Enhanced recovery of NK cell activity in mice under restraint stress by the administration of a biological response modifier derived from the mycelia of the basidiomycete Tricholoma matsutake.

Some types of stressor act on the immune system via the network comprising the endocrine-immune-nervous systems, and are reportedly responsible for the onset of diseases as well as giving impetus to their advance. It is important for the maintenance and promotion of health to cope with stress-induced changes in immunocompetence. Therefore, we studied the effects of administration of a novel biological response modifier (CM6271) derived from the mycelia of the basidiomycete Tricholoma matsutake on the NK cell activity in mice under restraint stress, in order to evaluate its potential to modulate immune responsiveness in stress-loaded individuals. (1) When C57BL/6 mice were restrained in 50-ml tubes for more than 6 h, splenic NK cell activity decreased significantly, but recovered gradually after the mice were released. The extent of the reduction of activity and the degree of recovery depended on the duration of the restraint. (2) The oral administration of CM6271 caused a significant acceleration of the recovery of the activity. This effect was dependent on the timing of administration and the dose given. (3) The administration of CM6271 had no clear effect on the blood levels of ACTH, corticosterone or lipid peroxide levels in the liver. These findings suggest that CM6271 promotes recovery from the decrease in NK cell activity induced by restraint stress.

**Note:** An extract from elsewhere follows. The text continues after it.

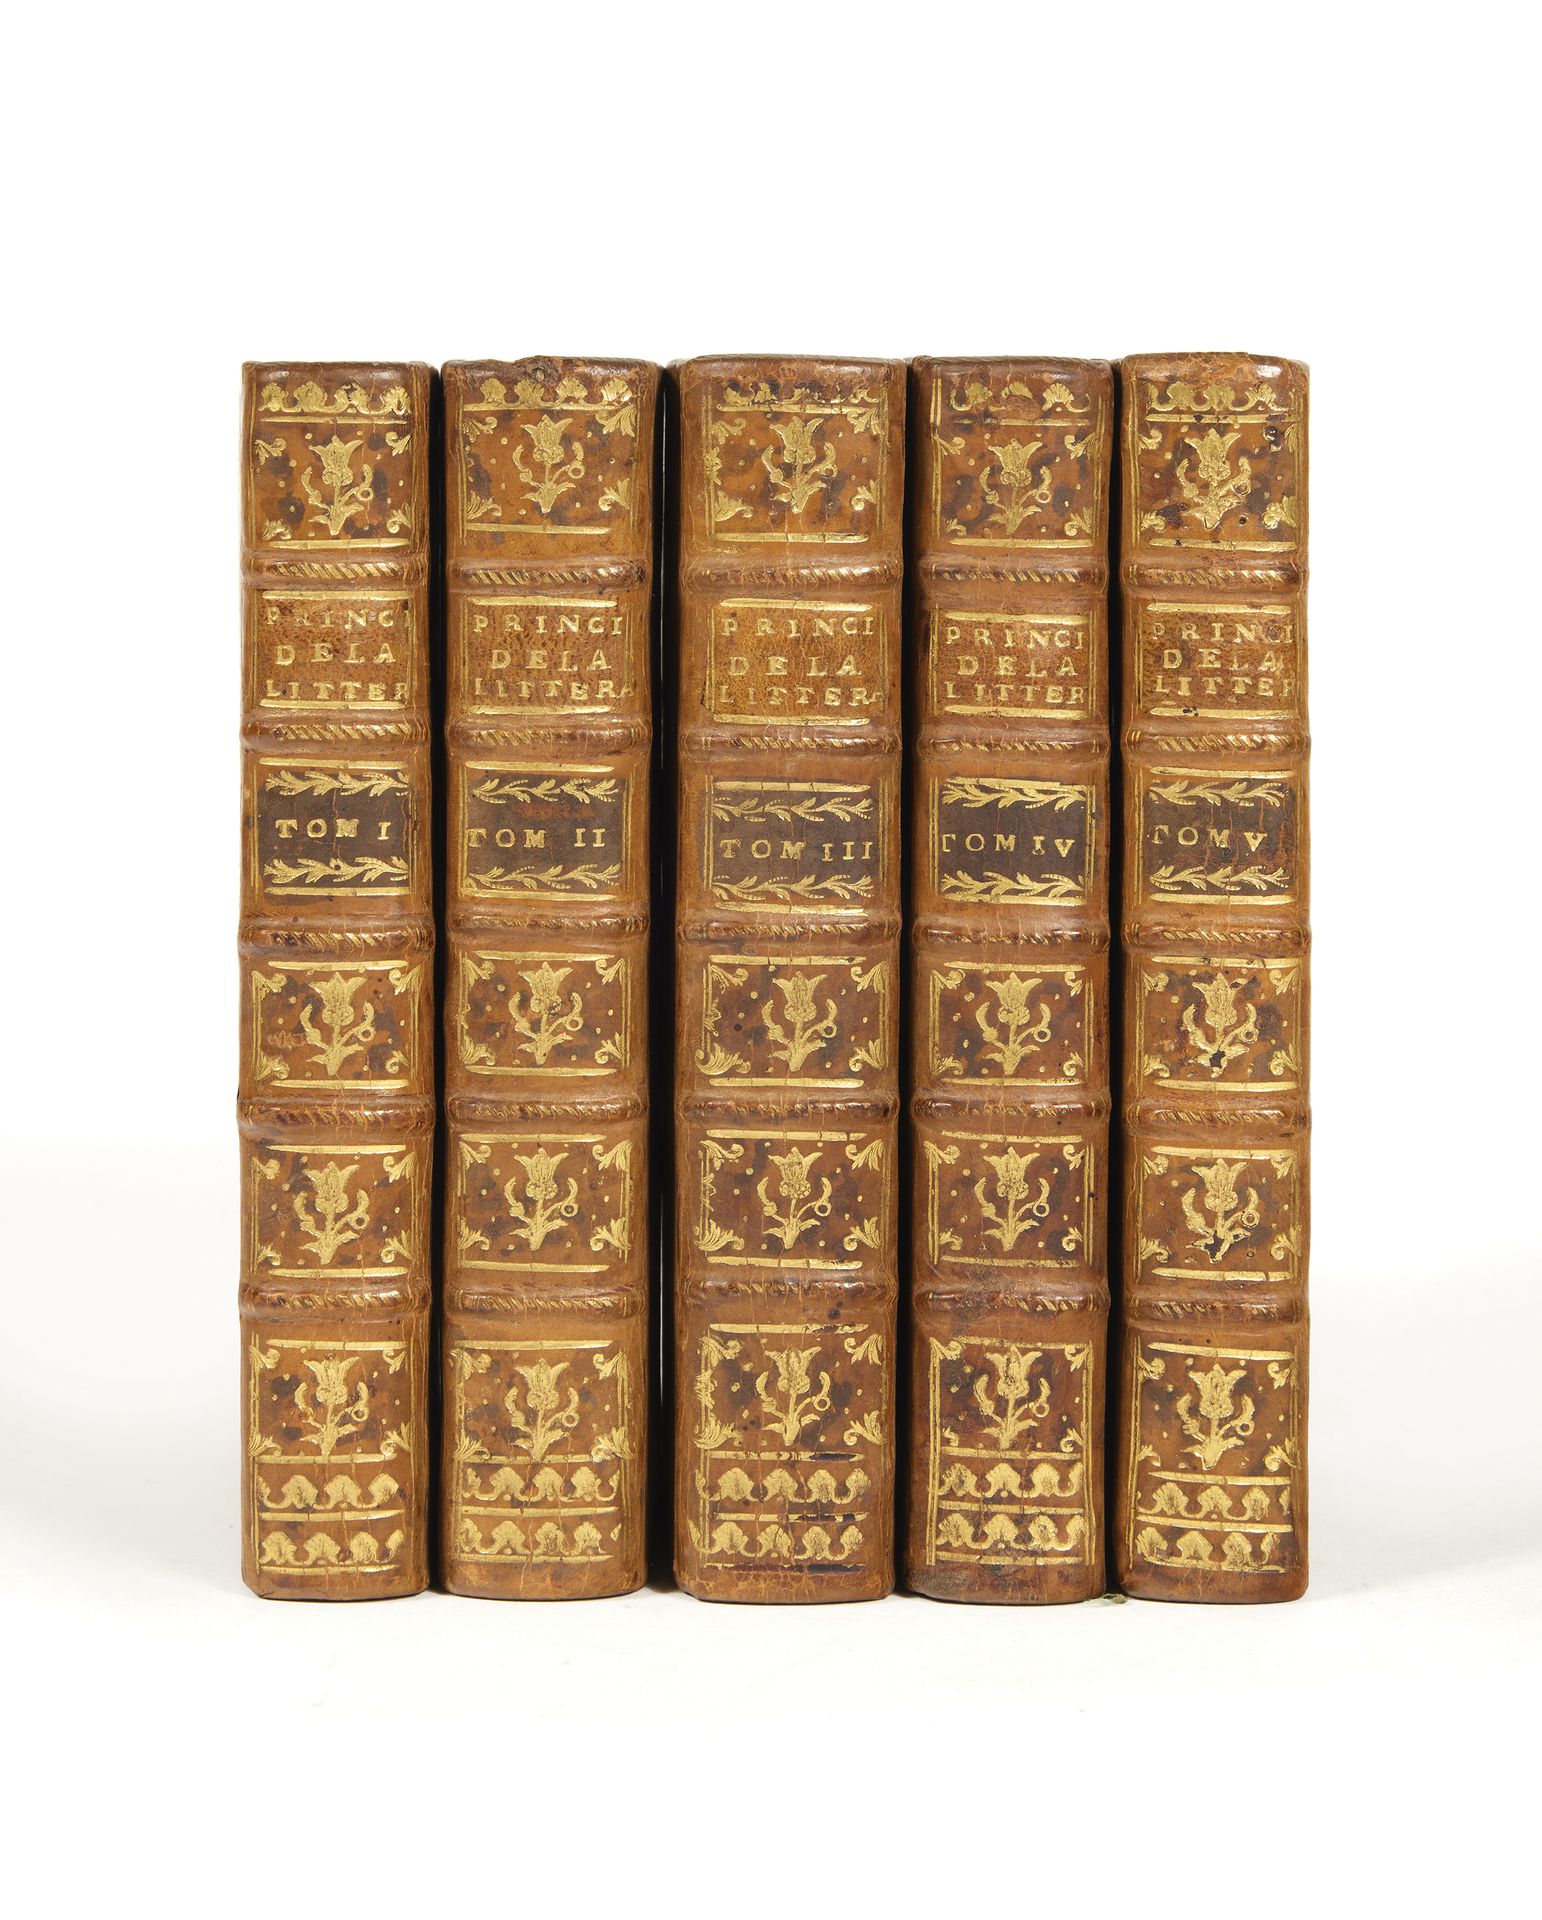 BATTEUX, Charles 文学的原则。新版。
Paris, chez Desaint & Saillant, 1764. 5卷12开本(163 x 95&hellip;

Inhibition of decrease in natural killer cell activity in repeatedly restraint-stressed mice by a biological response modifier derived from cultured mycelia of the basidiomycete Tricholoma matsutake.

OBJECTIVE: To develop a method to cope with stress-induced reduction in immunocompetence, we evaluated the immunomodulatory activities of a biological response modifier derived from the mycelia of the basidiomycete Tricholoma matsutake (CM6271) in mice under repeated restraint stress. METHODS: C57BL/6 mice were inserted, one per tube, into 50-ml polypropylene tubes into which more than 30 ventilation holes had been drilled, and were restrained everyday for 20 days in this fashion for set periods of time. Natural killer (NK) cell activity and NK1.1-positive cell counts in the spleen, ACTH and corticosterone levels in the blood were determined. CM6271 was orally administered daily during the restraint stress period. RESULTS: (1) When the mice were restrained in a confined space for 6 h per day for 20 days, the NK cell activity and the NK1.1-positive cell counts in the spleen significantly decreased after day 5 with an increase in the blood ACTH and corticosterone levels. (2) Oral administration of CM6271 during the restraint stress period significantly prevented the stress-induced decrease in NK cell activity. The effect was dependent on the timing, duration, and doses administered. (3) CM6271 did not significantly affect the splenic NK1.1-positive cell counts or the levels of blood ACTH and corticosterone in restraint-stressed mice. CONCLUSION: The above findings suggest that CM6271 inhibits the restraint stress-induced decrease of NK cell activity in a timing of administration and dose-dependent manner.